And so it is with Serenity. The television series was not known for cheerful cheesiness or happy endings or sudden changes of heart. And the movie itself was willing to kill off two major characters. So why did Whedon think it would be a good idea to have The Operative realize the error of his ways at the last possible instant, just in time to help save the day?

A brief synopsis: the Alliance government sends an operative to capture and kill River Tam, who can read minds, because she may have learned governments secrets while in the presence of key state officials. What secrets? The secret that, a decade earlier, Alliance scientists experimentally released into the atmosphere a chemical intended to eliminate human aggression. The experiment failed, and instead of simply eliminating human aggression, the chemical made the entire populace of this particular planet completely docile, eradicating the will to live entirely, ala a Misesian version of Buddhism. Worse still, the chemical had the opposite reaction on a smaller segment of the population, creating the beastial monsters known as Reavers.

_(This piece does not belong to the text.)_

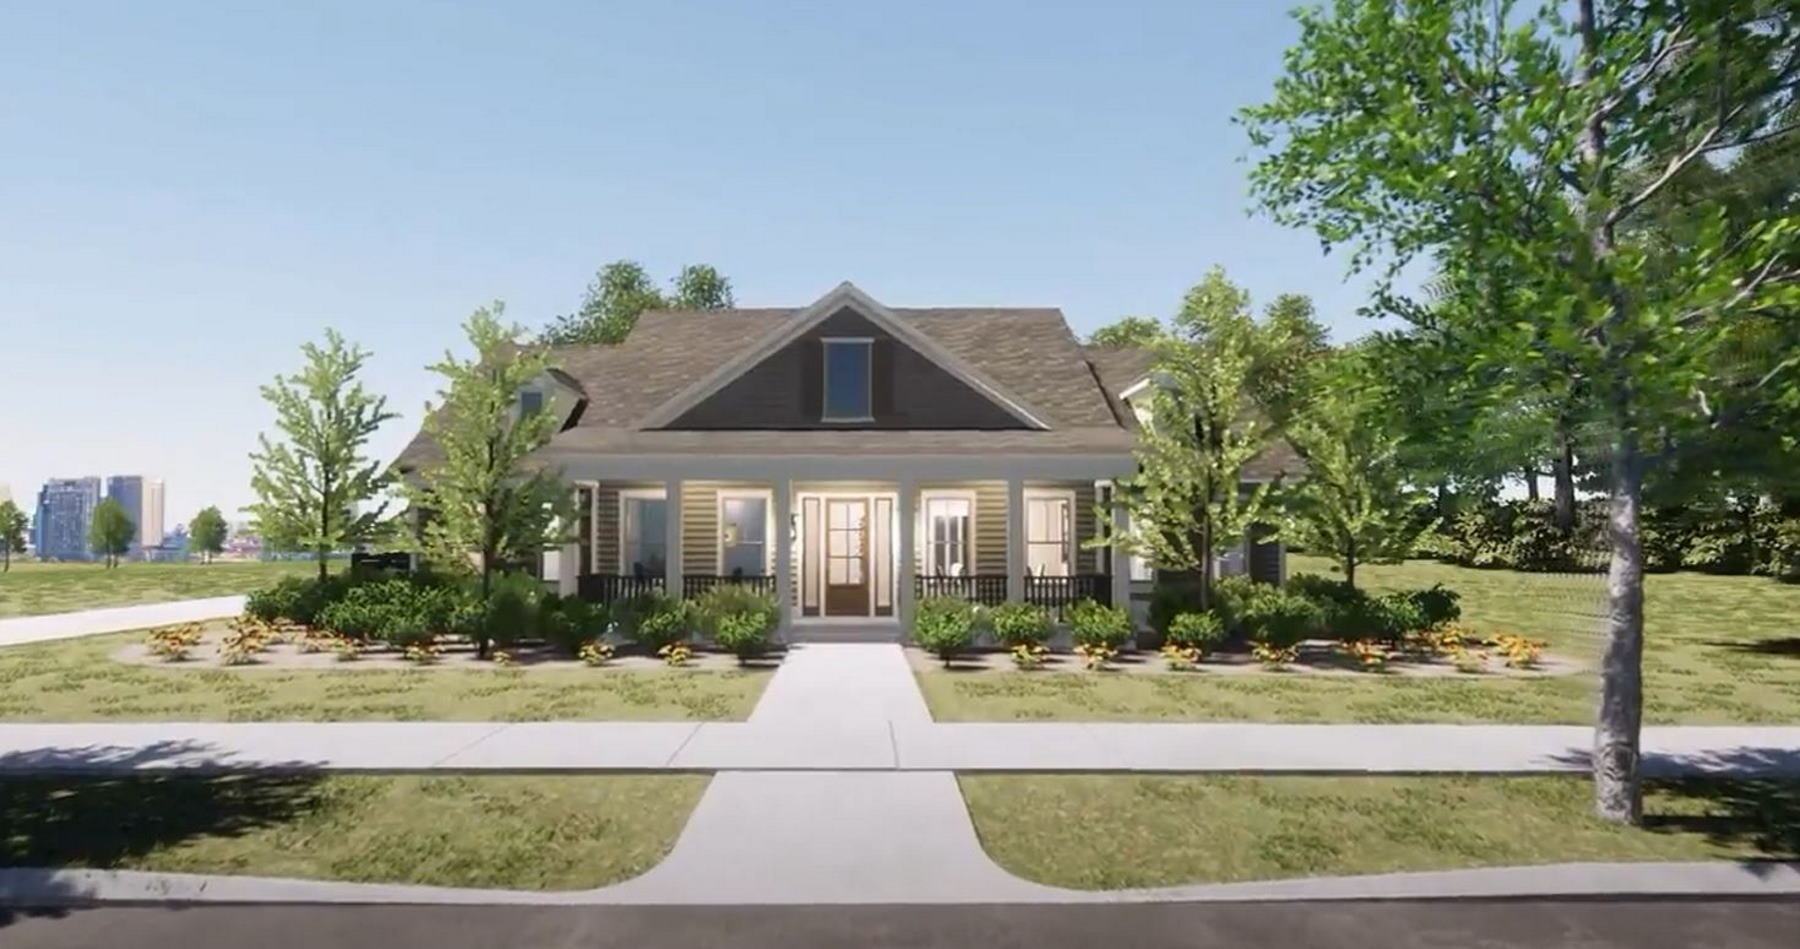 Residential design with front porch and Dutch gable roof
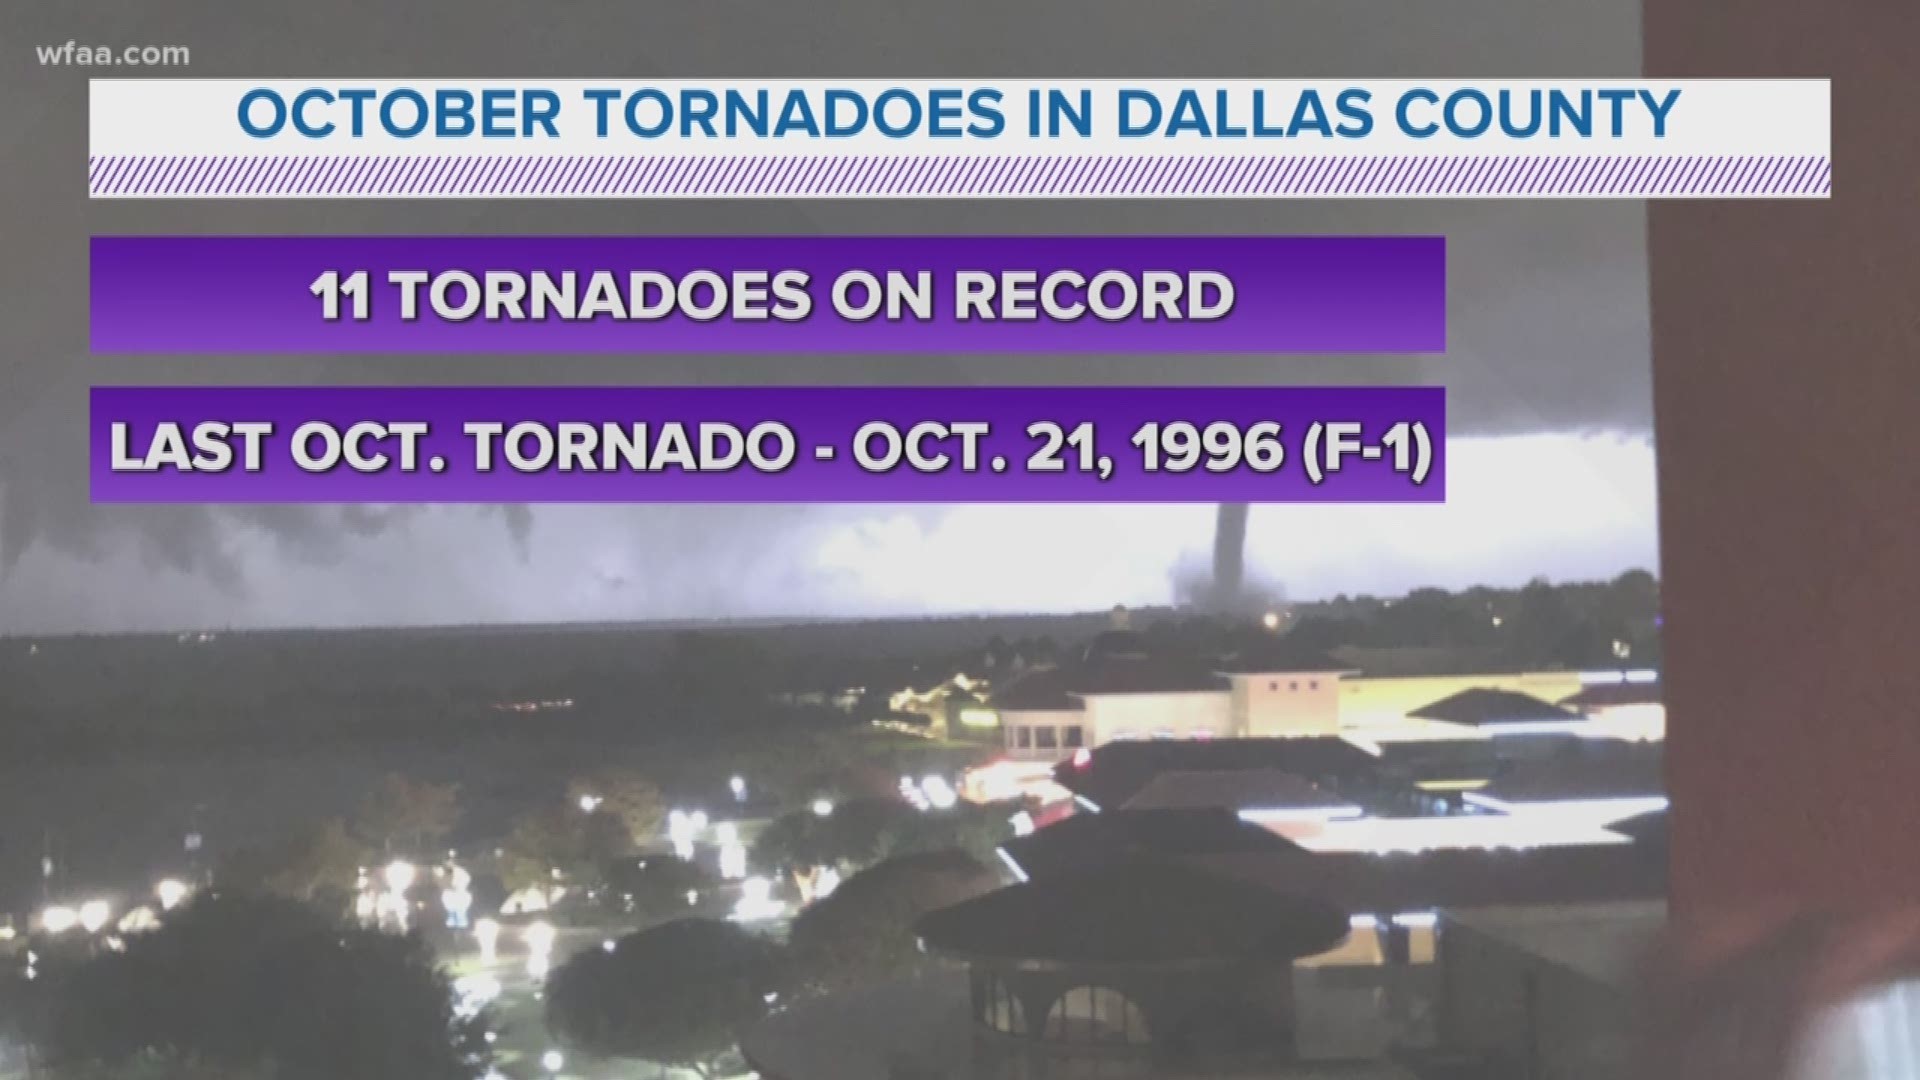 While tornadoes in North Texas typically peak during the Spring months, there does tend to be another spike in tornado activity in October.

The unnamed Operative is faithful to the alliance cause of making the world a better place, and is willing to do anything - including murder innocents - to achieve this goal. He accepts the fact that the world he works to create is a world that he, with his many sins, could never be a part.

The Operative is the most interesting character in the movie. That is, until he learns of the failed government experiment and suddenly has a change of heart. Previously in the movie, he was willing to decimate entire villages and their innocent inhabitants in an effort to capture River, but now, all of a sudden - what? Did the numbers suddenly become too great? Was there a cut-off point where 30 murders was acceptable but 30,000 was not? I guess he decided the omelet he was making required too many broken eggs.

Perhaps he realized that his efforts to capture River were only for the purposes of a coverup, and therefore felt that he was not directly advancing his goal of making the world a better place. But surely, if the government is to ever try another social engineering experiment on such a large scale - and it should, for the utilitarian calculus has not changed in the slightest - it must have the trust and support of the public, which will be difficult to achieve if word gets out of the previous failure. So again, why the change of heart?

Libertarians were expecting a libertarian themed movie and Whedon delivered. Even the most hardened of statist hearts must crumble at lines like these:

People don't like to be meddled with. We tell them what to do, what to think, don't run, don't walk. We're in their homes and in their heads and we haven't the right. We're meddlesome.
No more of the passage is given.